PS: I am using EBS (gp2)

推荐答案

按照 docs ,将节点设置为就绪":

As per the docs, for the node to be 'Ready':

如果节点运行状况良好并且准备好接受Pod,则为True;如果节点运行状况不佳并且不接受Pod,则为False;如果节点控制器在最后一个node-monitor-grace-period期间未从节点收到消息,则为Unknown (默认为40秒)

True if the node is healthy and ready to accept pods, False if the node is not healthy and is not accepting pods, and Unknown if the node controller has not heard from the node in the last node-monitor-grace-period (default is 40 seconds)

似乎在运行工作负载时,您的kube-apiserver在40秒内没有收到来自节点(kubelet)的消息.可能有多种原因,您可以尝试以下方法:

If would seem that when you run your workloads your kube-apiserver doesn't hear from your node (kubelet) in 40 seconds.

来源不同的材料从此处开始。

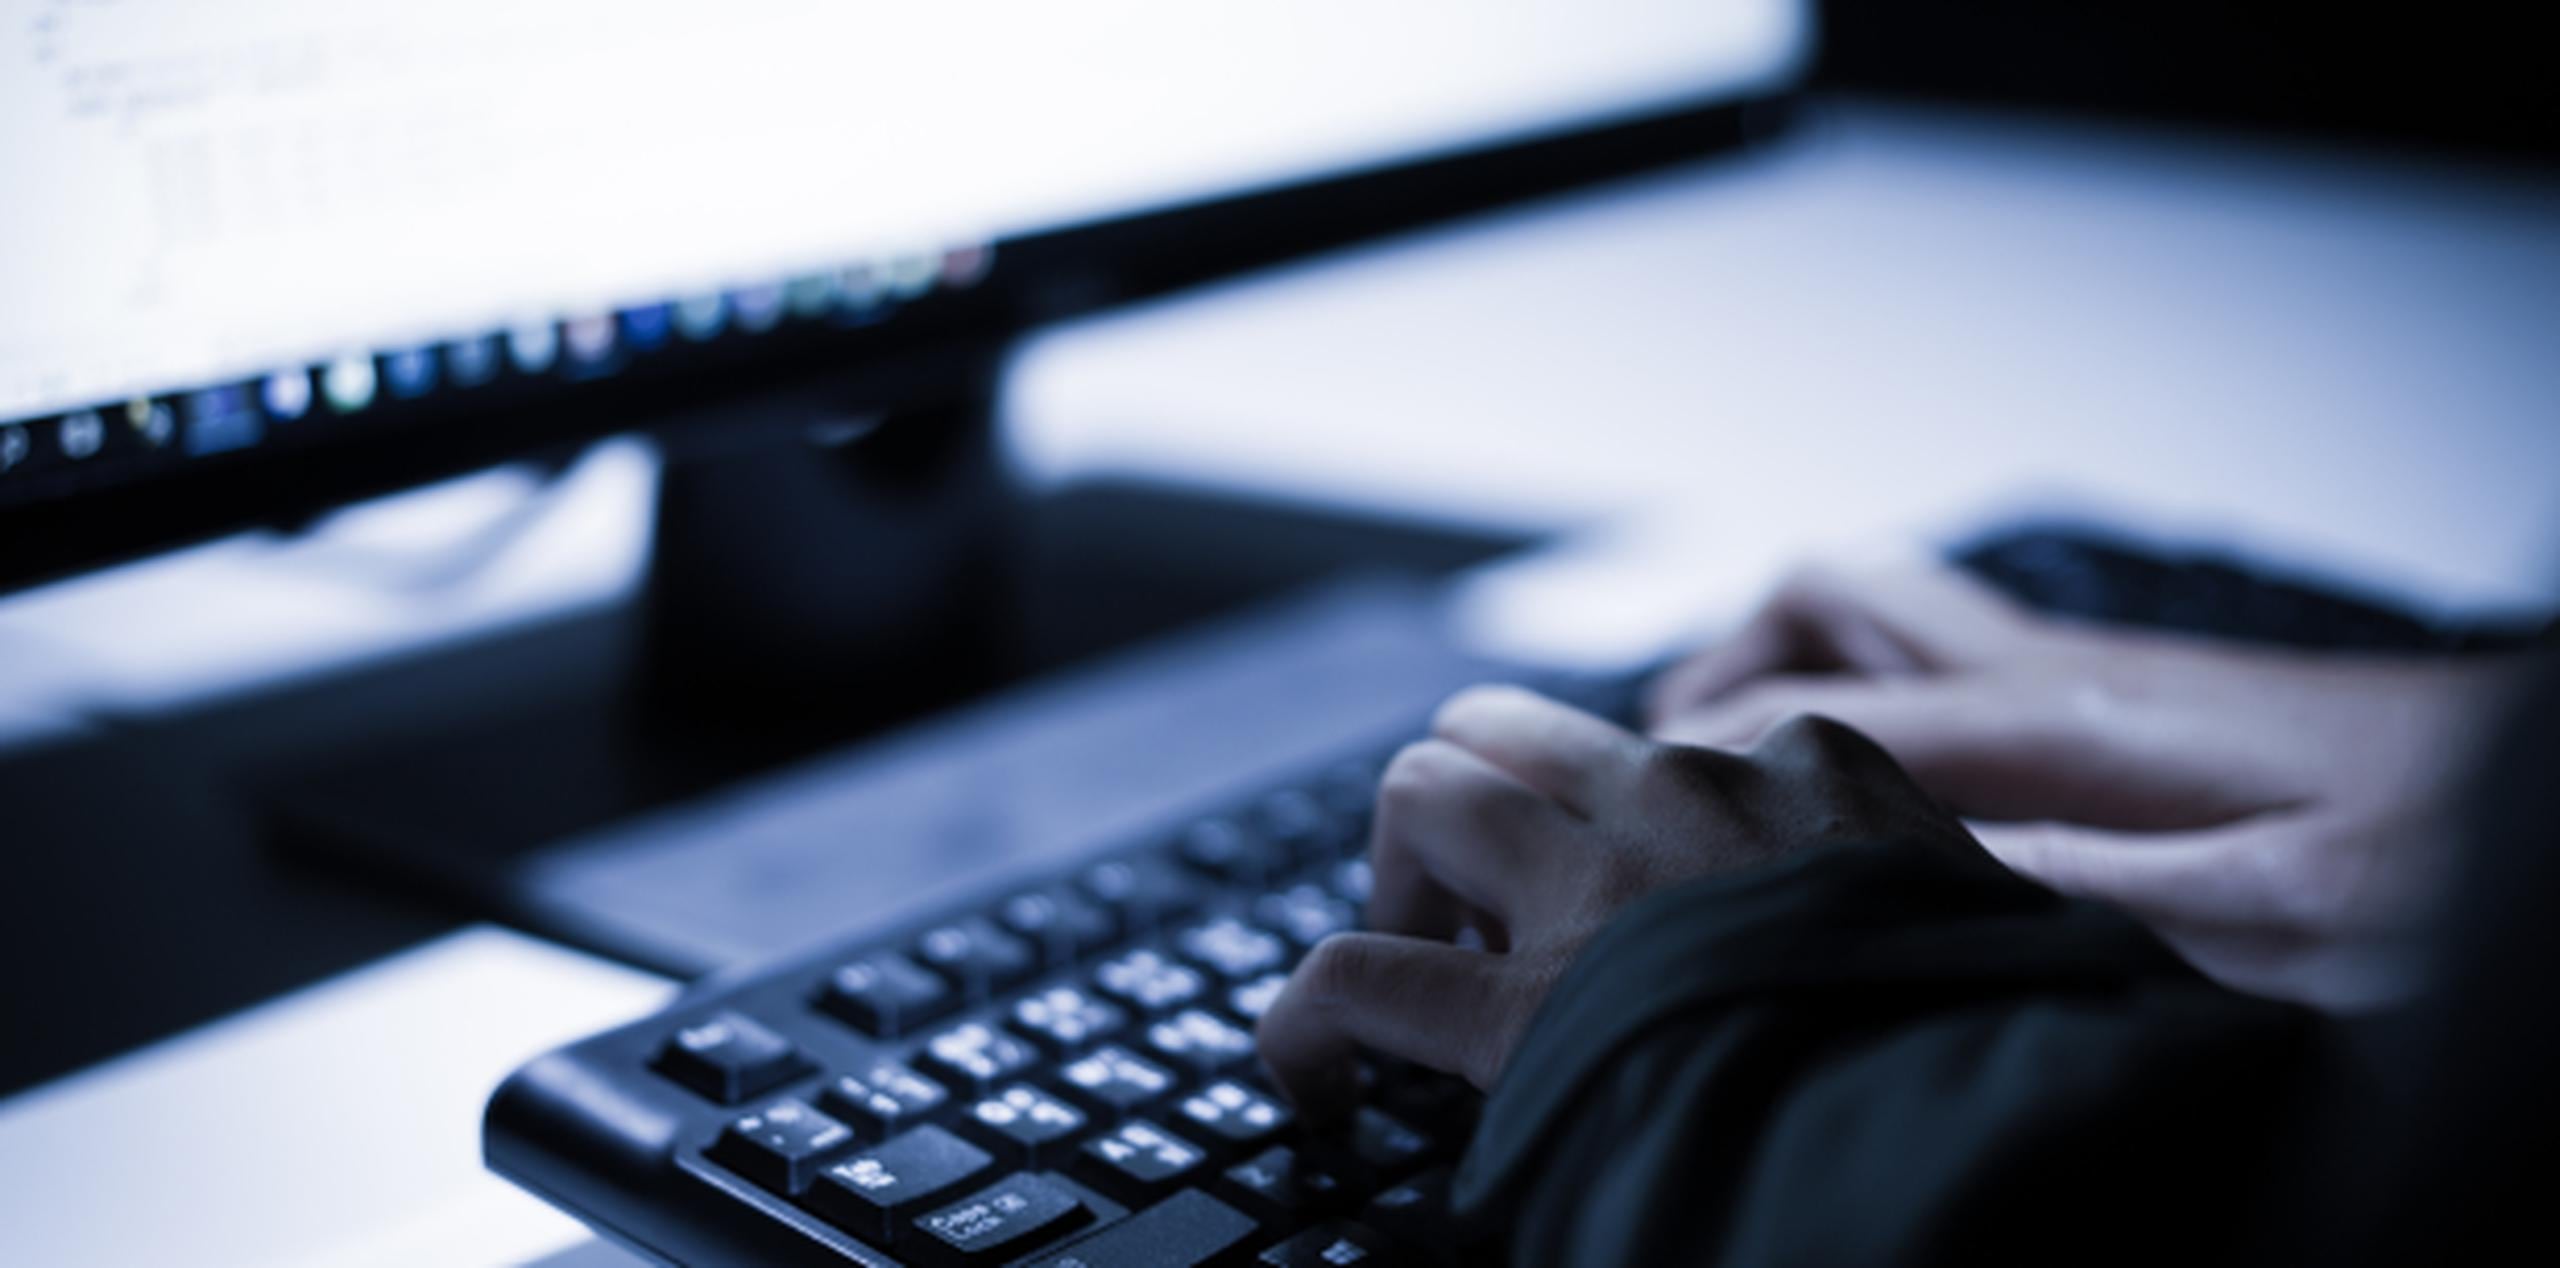 Las actualizaciones de sistemas operativos pueden salvarte de ser víctima del ciberataque. (Shutterstock)

There could be multiple reasons, some things that you can try:

  • 要查看节点中的事件",请运行:

  • To see the 'Events' in your node run:

$ kubectl describe node <node-name>

  • 查看在kube-apiserver上是否发现异常.在主动主运行中:

  • To see if you see anything unusual on your kube-apiserver. On your active master run:

    $ docker logs <container-id-of-kube-apiserver>
    

  • 查看当节点进入未知"状态时,是否在kube-controller-manager上看到任何异常.在主动主运行中:

  • To see if you see anything unusual on your kube-controller-manager when your node goes into 'Unknown' state. On your active master run:

    $ docker logs <container-id-of-kube-controller-manager>
    

  • 增加kube-controller-manager中的--node-monitor-grace-period选项.您可以将其添加到/etc/kubernetes/manifests/kube-controller-manager.yaml的命令行中,然后重新启动kube-controller-manager容器.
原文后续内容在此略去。